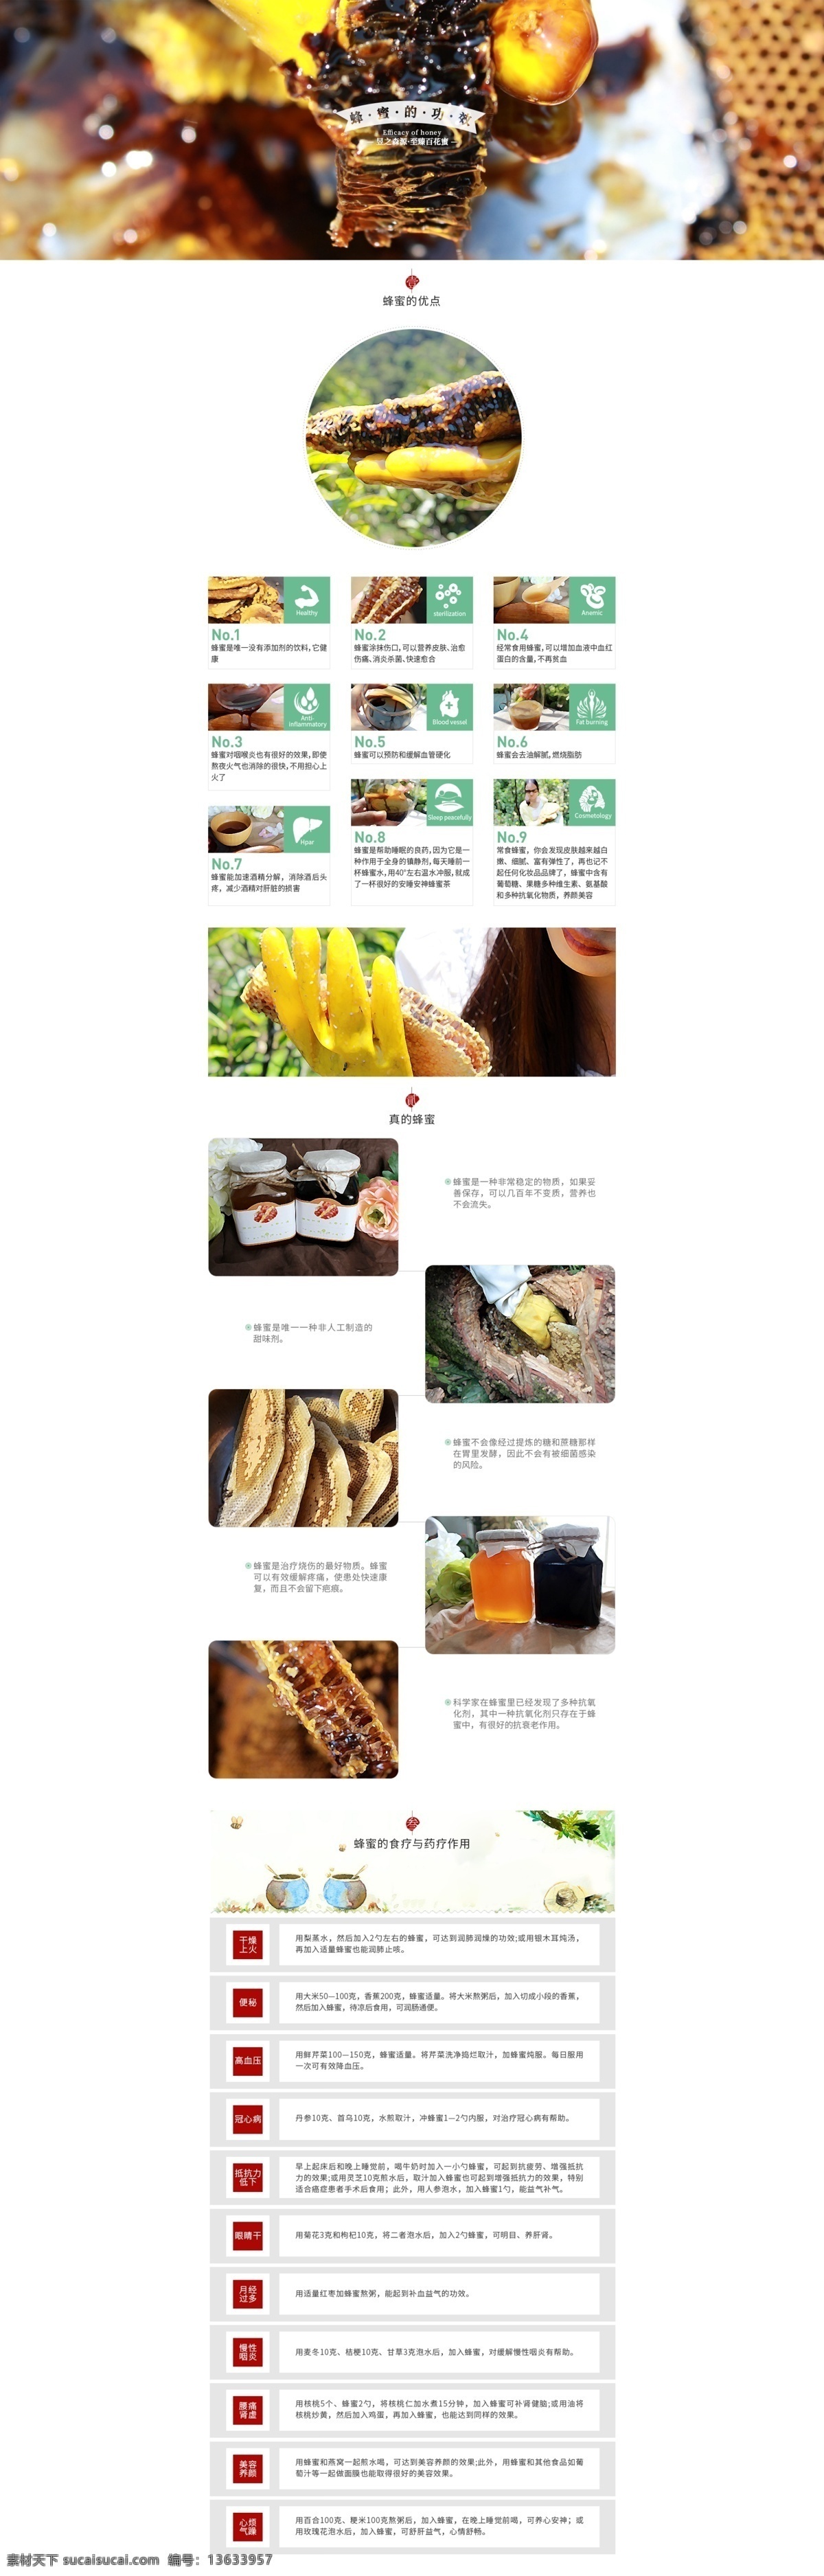 蜂蜜 功效 二级 页 淘宝 电商 首页 蜂蜜的功效 好处 二级页面 食疗 蜂蜜介绍
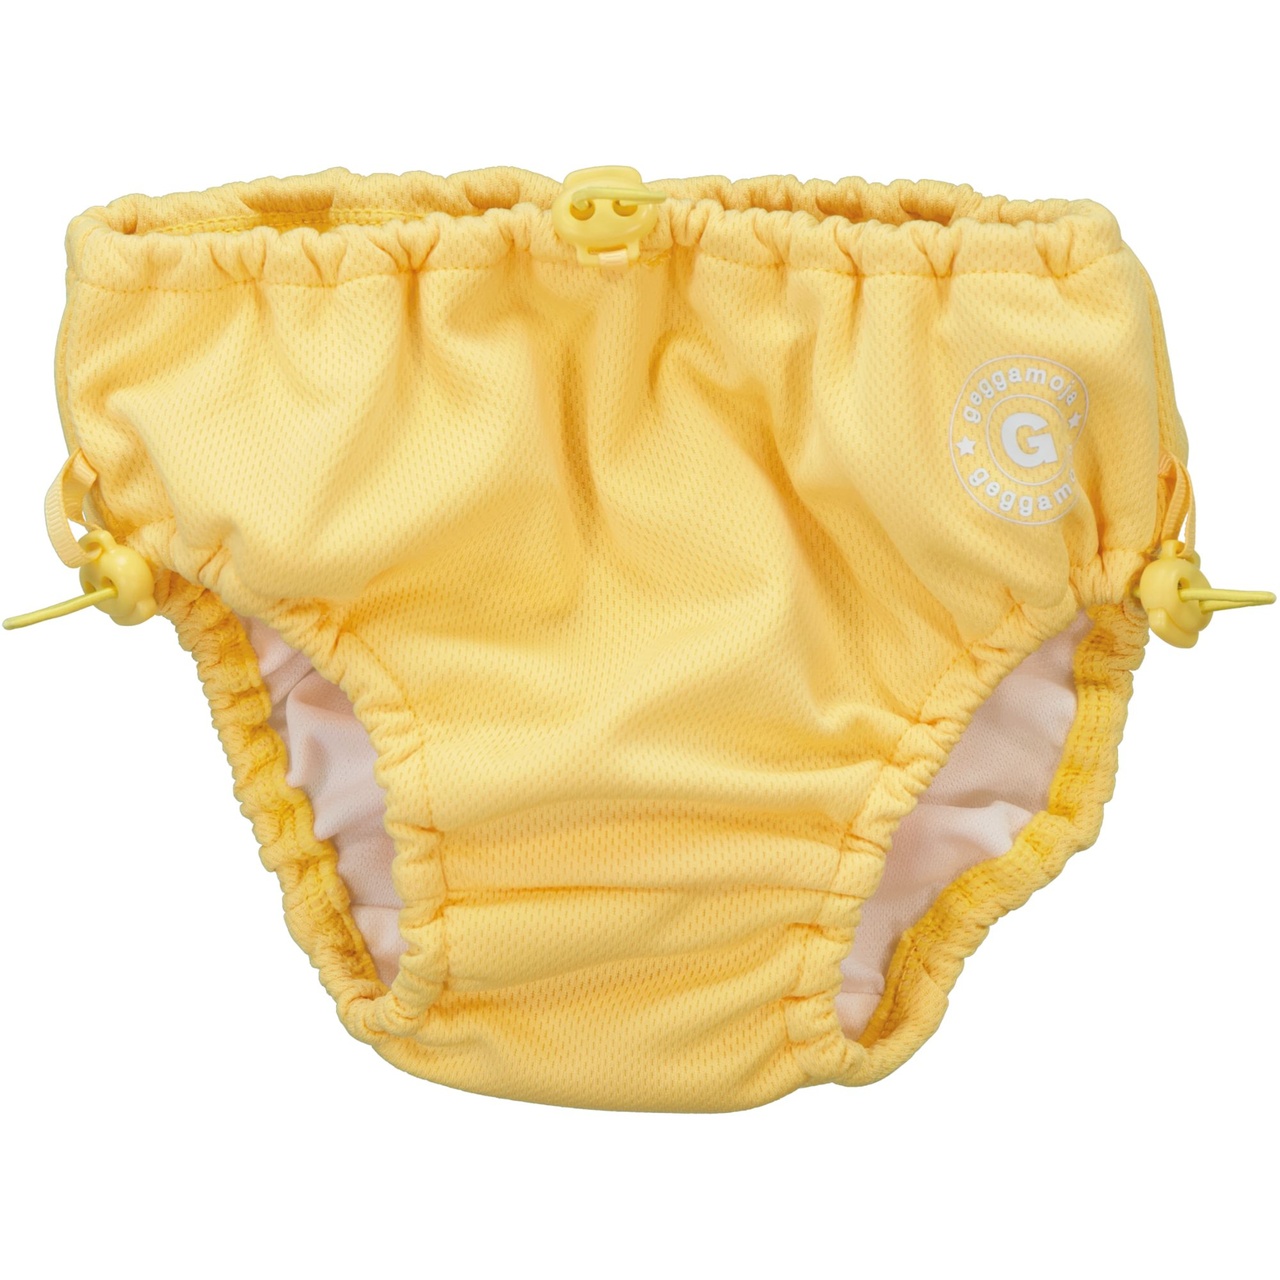 UV Baby swim pant Yellow  74/80
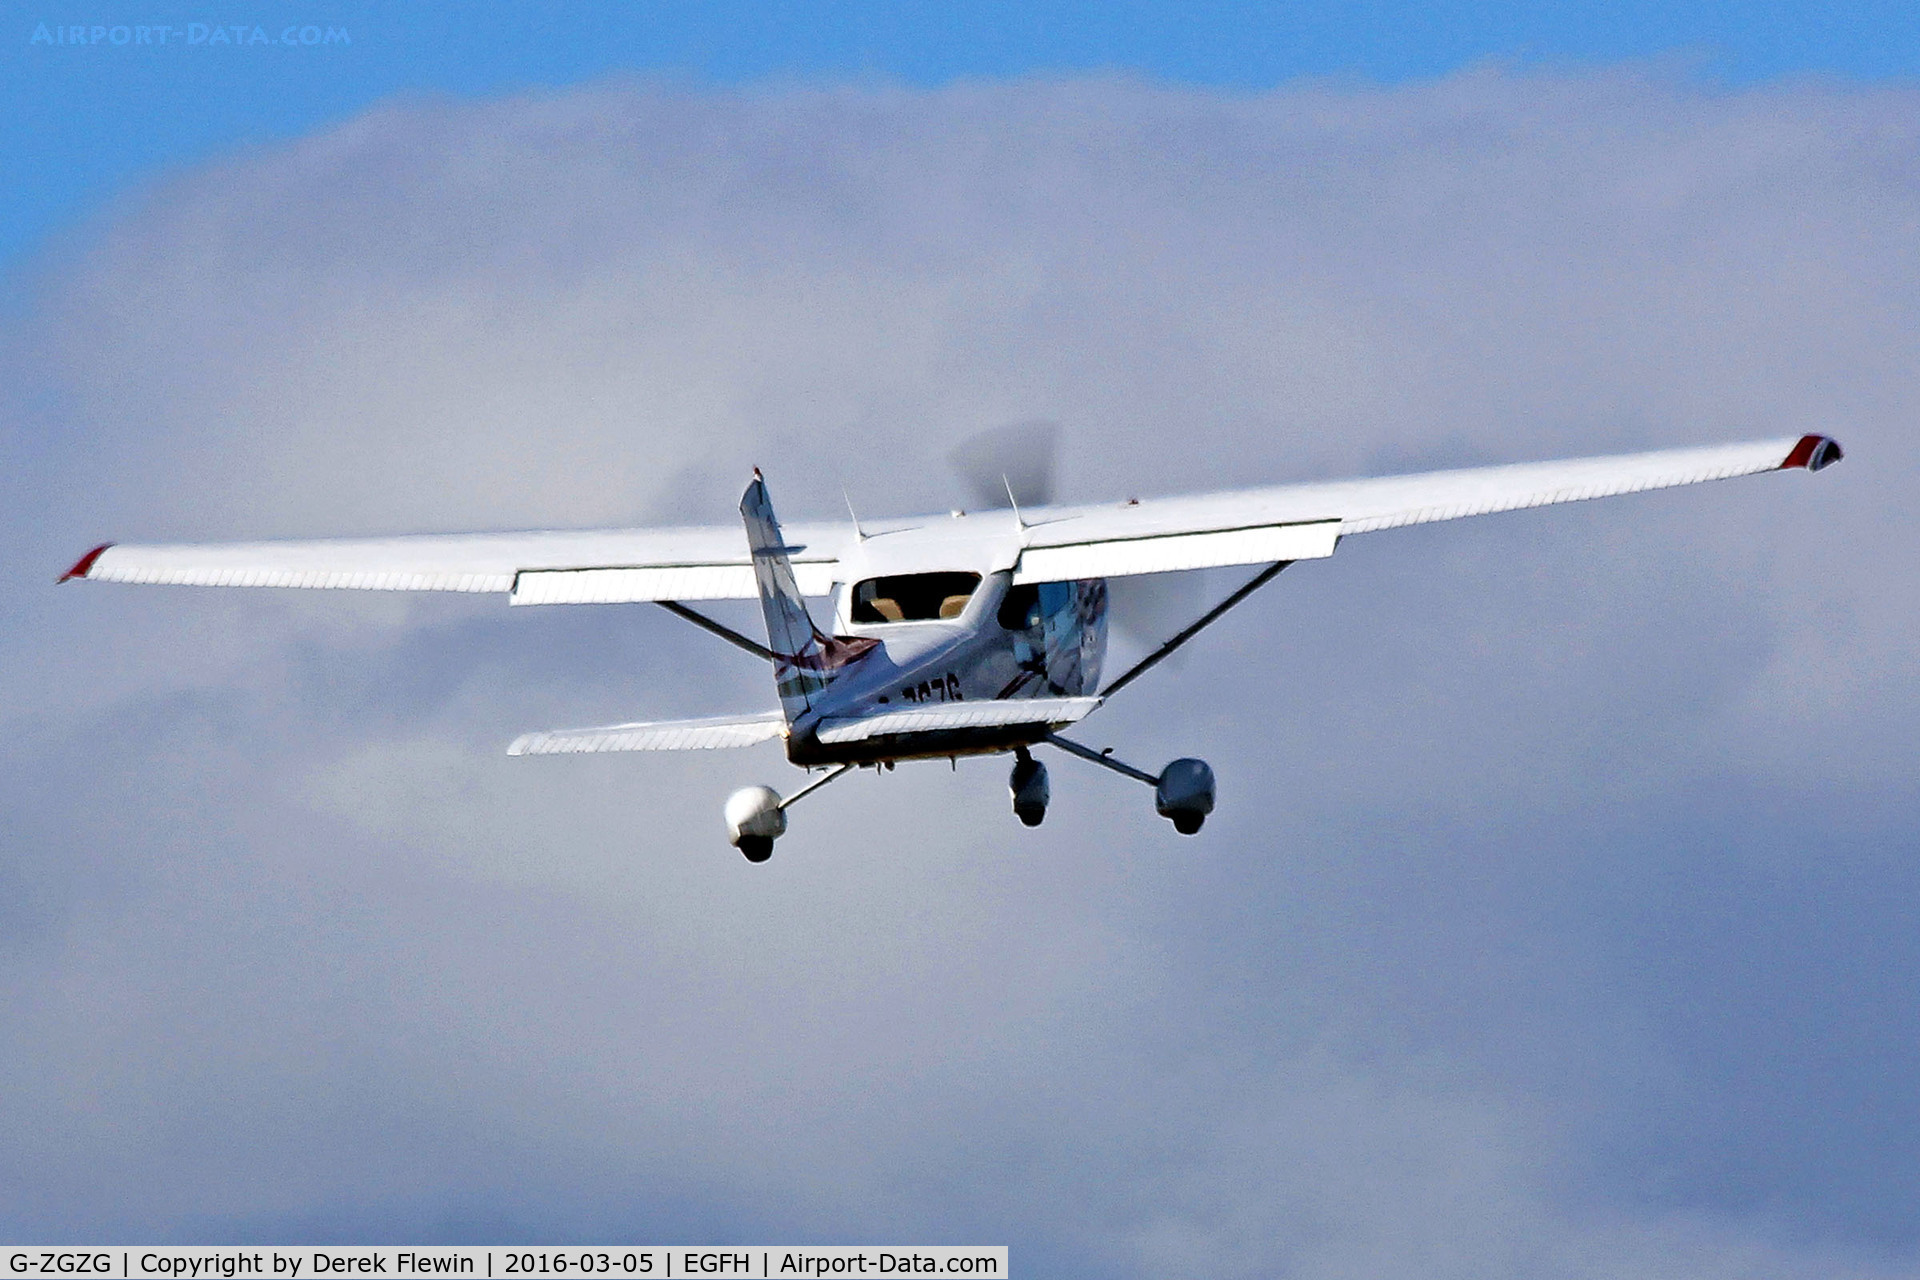 G-ZGZG, 2007 Cessna 182T Skylane C/N 18282036, Skylane, Shoreham based, previously N12722, seen departing runway 04 en-route RTB.
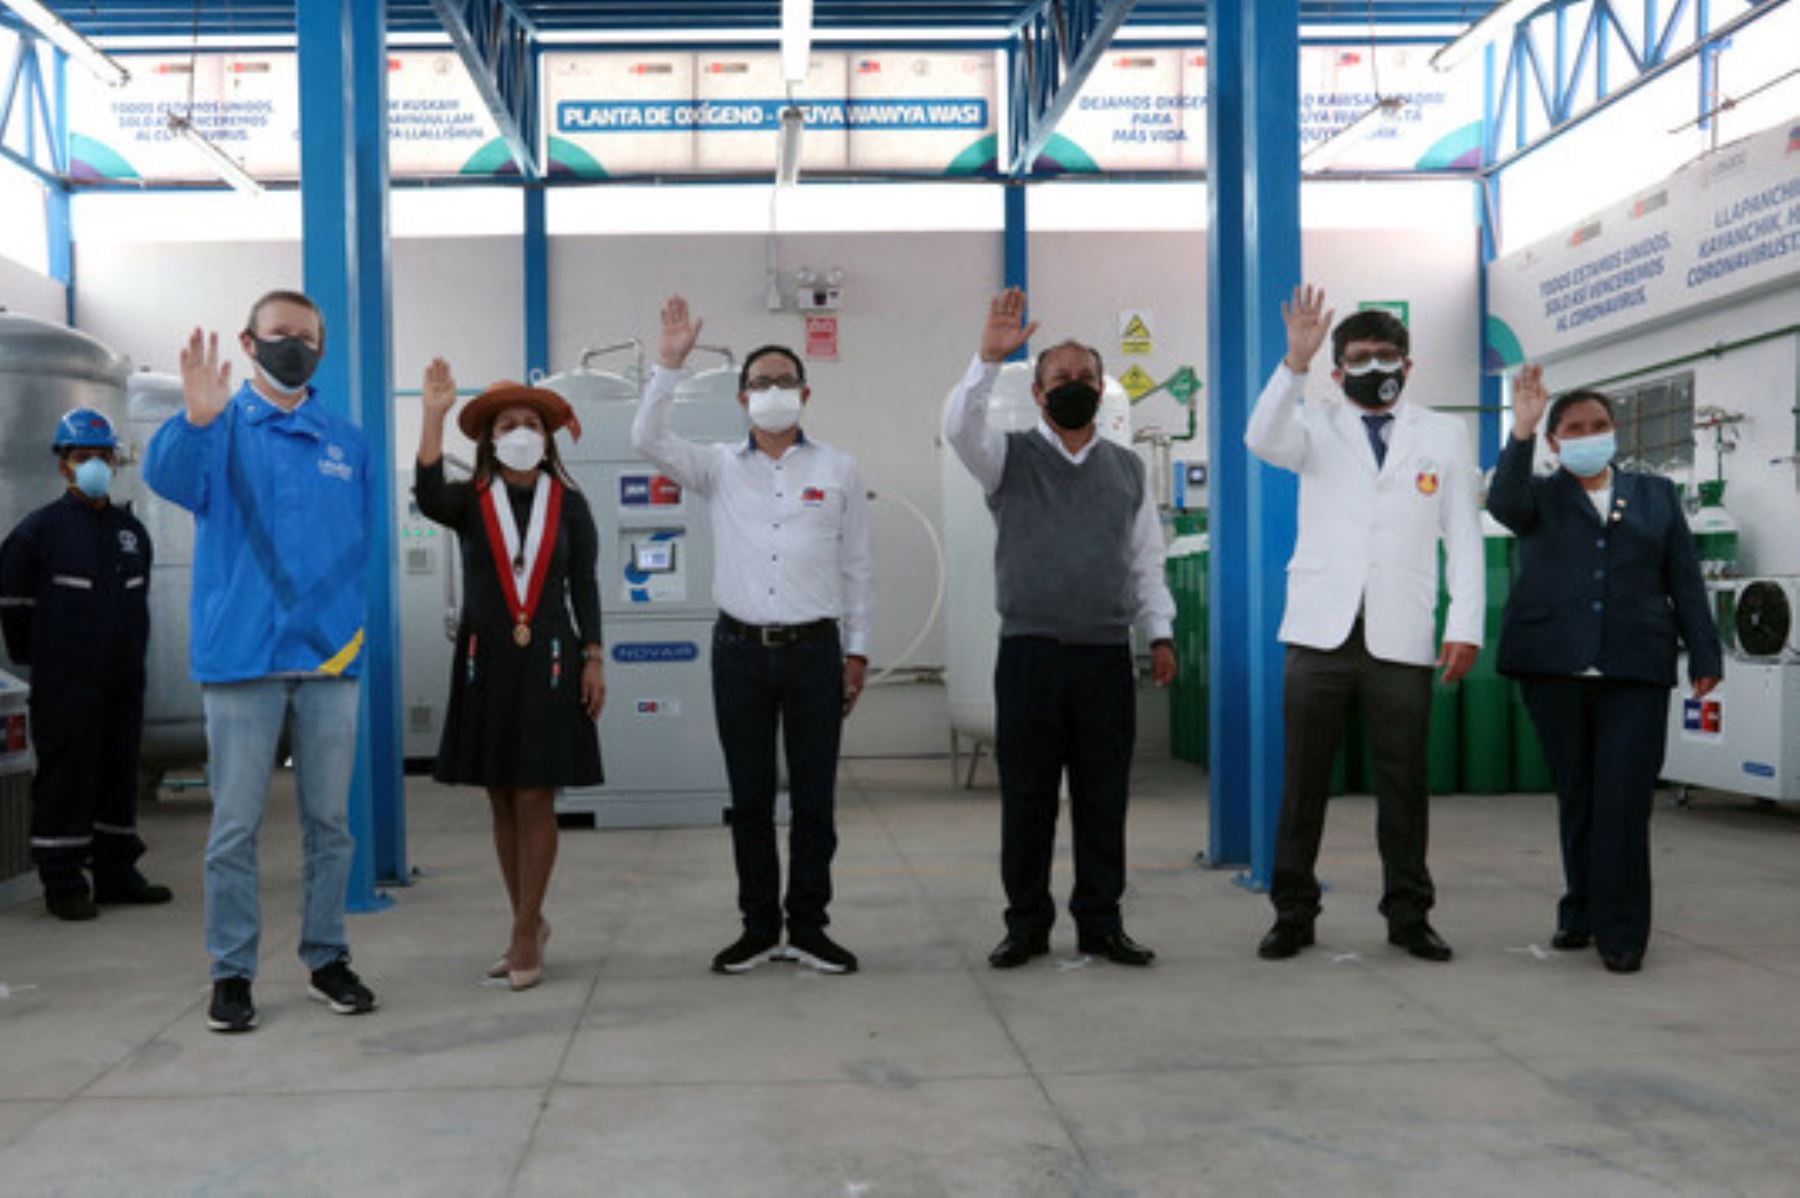 Legado inaugura undécima planta de oxígeno en Huancayo que beneficiará a 600,000 personas

====================

▸ Exercise directions
From the line with "UV Baby swim" to the last line of the material, both inclusive, set down every line exactly and nothing else; omit pictures.

▸ Answer
 UV Baby swim pant Yellow  74/80
 G-ZGZG, 2007 Cessna 182T Skylane C/N 18282036, Skylane, Shoreham based, previously N12722, seen departing runway 04 en-route RTB.
 Legado inaugura undécima planta de oxígeno en Huancayo que beneficiará a 600,000 personas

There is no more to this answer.